- Born: 1890 Lwów, Poland (now Lviv, Ukraine)
- Died: 1942 (aged 51–52) Równe
- Occupation: Yiddish theater actress
- Spouse(s): Yakov Fuchs (divorced), Georg Rot
- Children: Leo Fuchs

= Ruzha Fuchs =

Ruzha Fuchs (Róża Fuchs) (1890–1942), was a Yiddish theater actress. Born in Lwów, Poland (now Lviv, Ukraine). She entered the chorus of a Polish-language theater as she didn't know much Yiddish, but through connections was taken into the Yiddish theater chorus a month later. The director, Adolf Gimpel, was favorably impressed and cast her as Yitskhok in Abraham Goldfaden's Akeydos Yitskhok (The Sacrifice of Isaac). After a few months in Lwów, she was engaged in Rumania and then Chernovets, as a soubrette – and she became der libling fun teater-oylem (the darling of the theater audiences). After three years she returned to Lwów.

In 1915, she played in the Polish-language Bagatela miniature theater. In 1917, she starred in Pinsk, now in Belarus. She and character actor Yakov Fuchs were the parents of the famous Polish-American actor Leo Fuchs. After divorcing Yakov she remarried the actor Georg (Gershon) Rot. Soon after Molly Picon ended her tour in Lwów, Róża took over her roles in Yankele and Tsipke Fayer.

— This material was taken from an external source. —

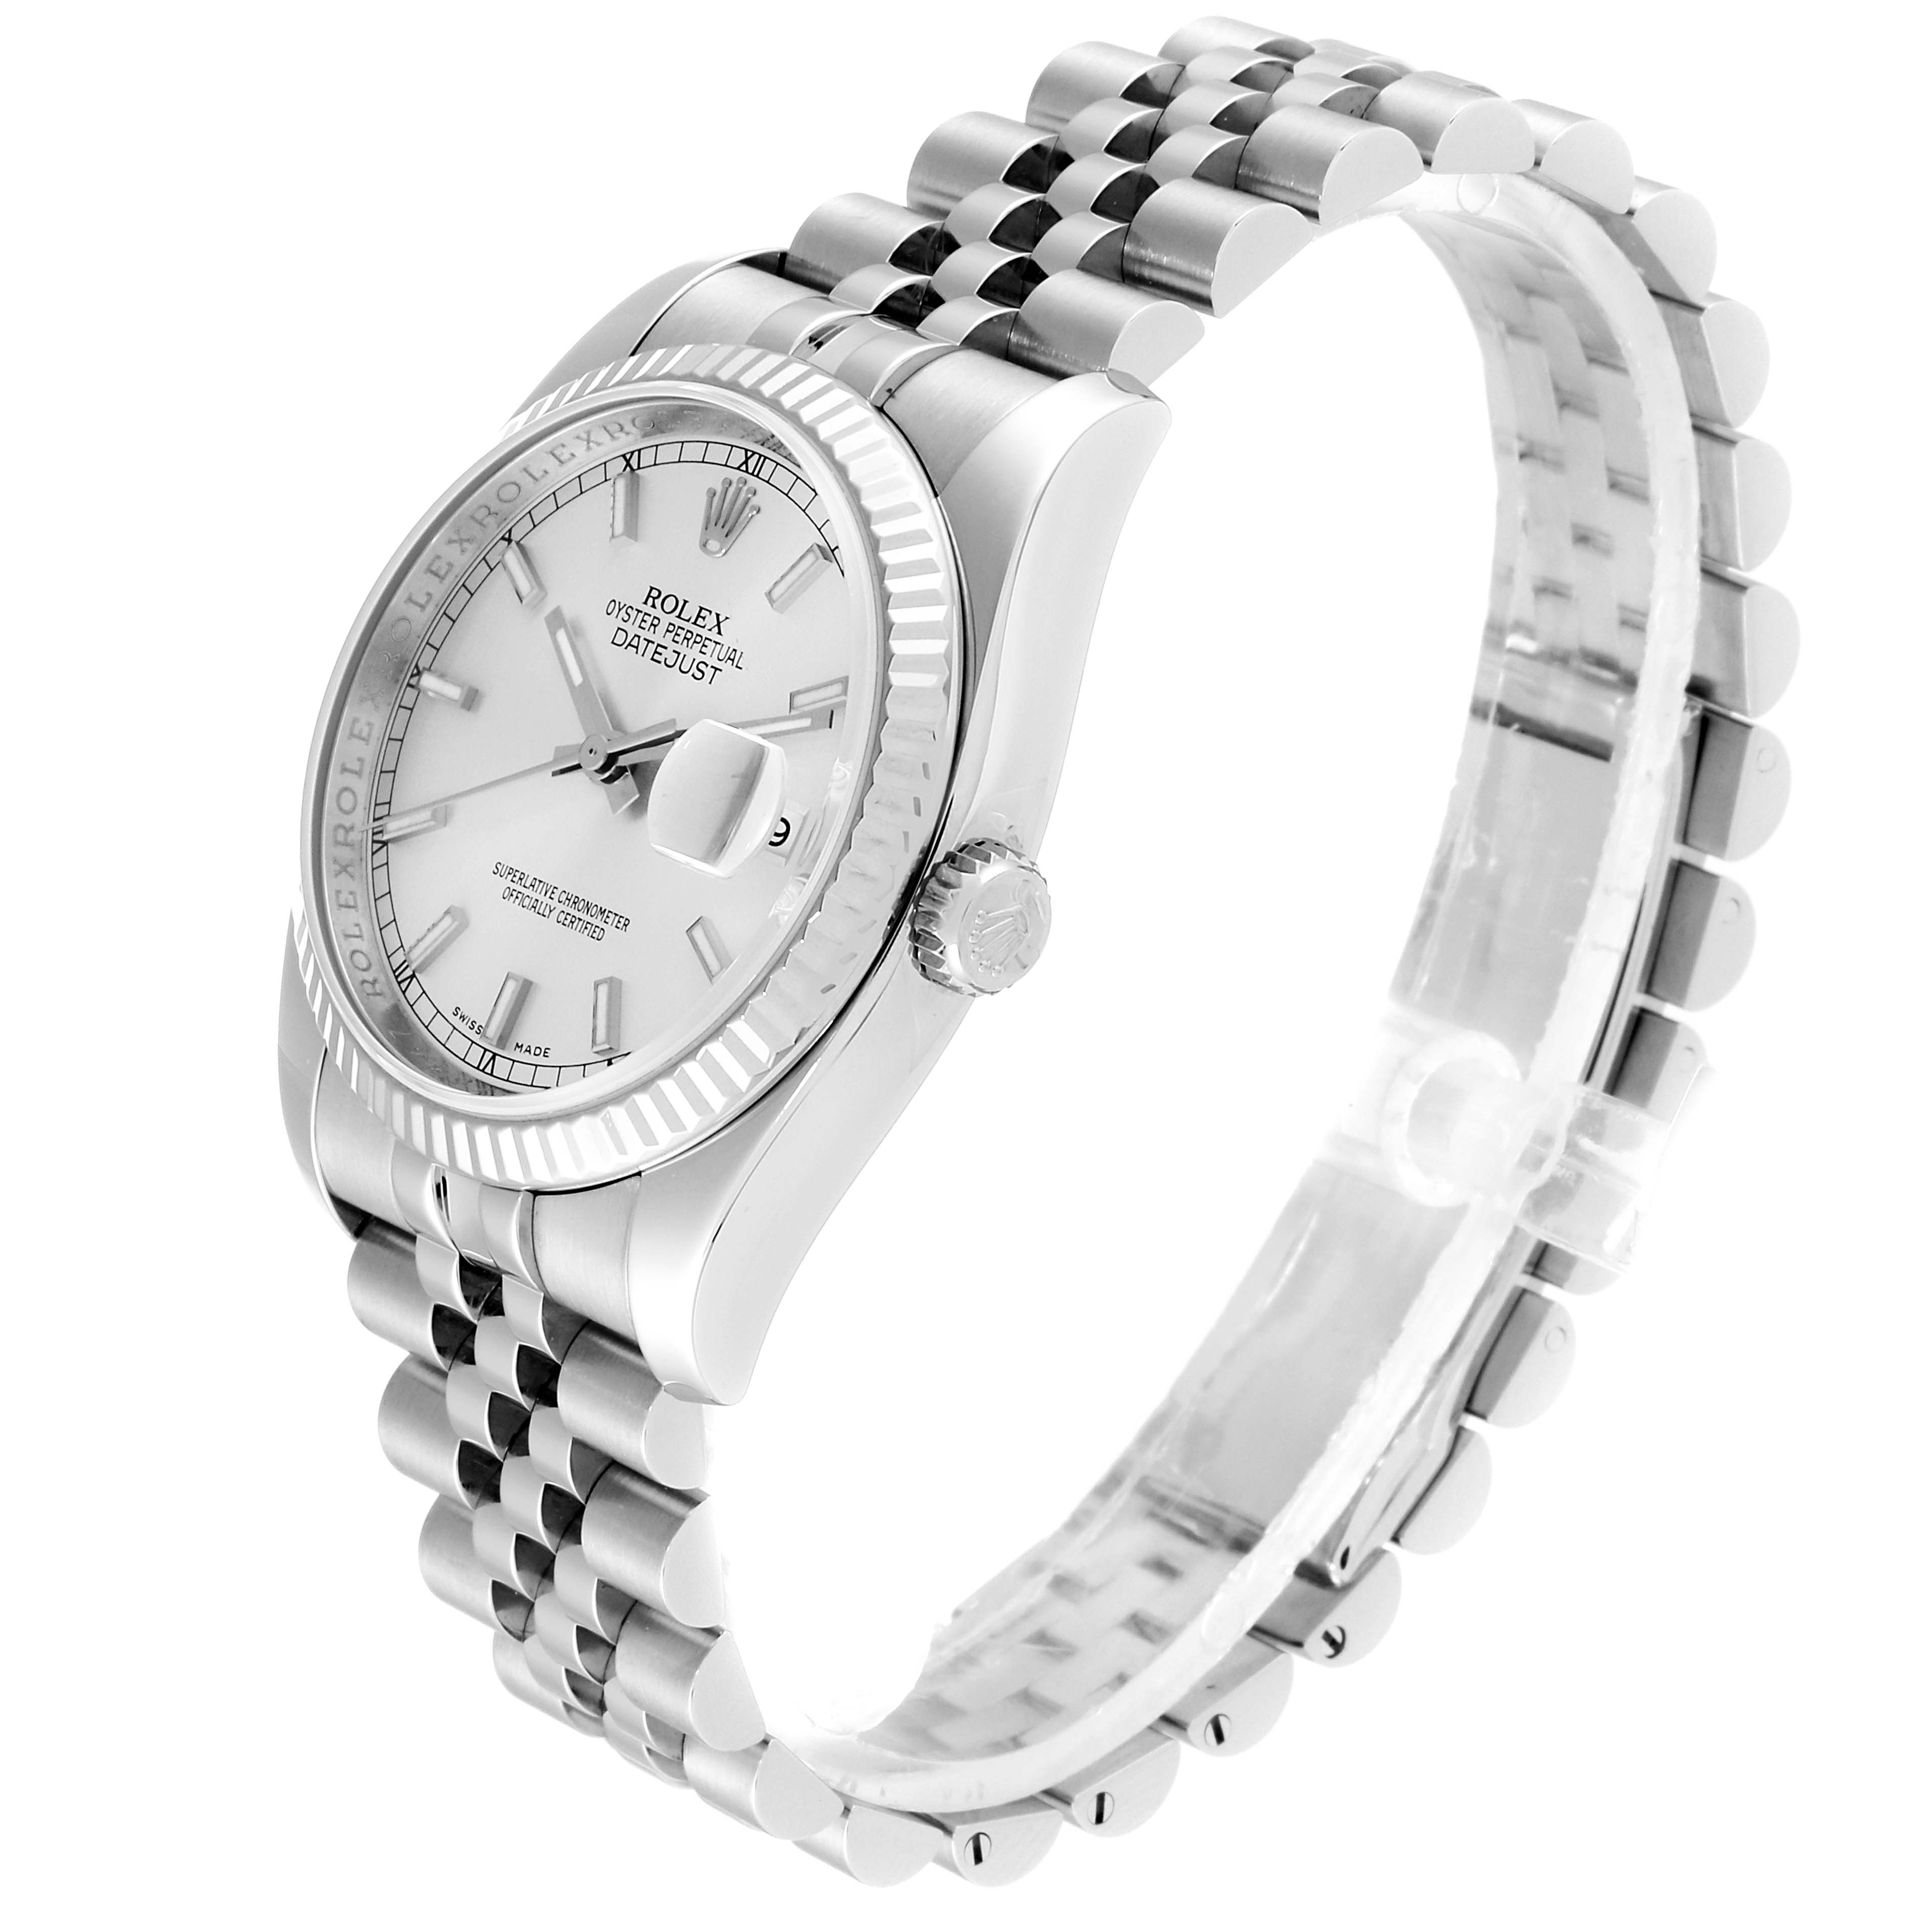 Rolex Datejust Steel White Gold Silver Dial Mens Watch 116234 Box Card ...

In 1939 Nazi Germany and Soviet Russia both invaded Poland, starting World War II. The Soviet Red Army took Lwów, and a new Yiddish theater took over the Koloseum theater. Fuchs and her second husband played there. In 1941 Germany attacked Soviet Russia and took Lwów. Some members of the theater troupe, including Róża, were trapped in Równe (Rovne) and sent to the ghetto, where Róża was shot dead by the Germans.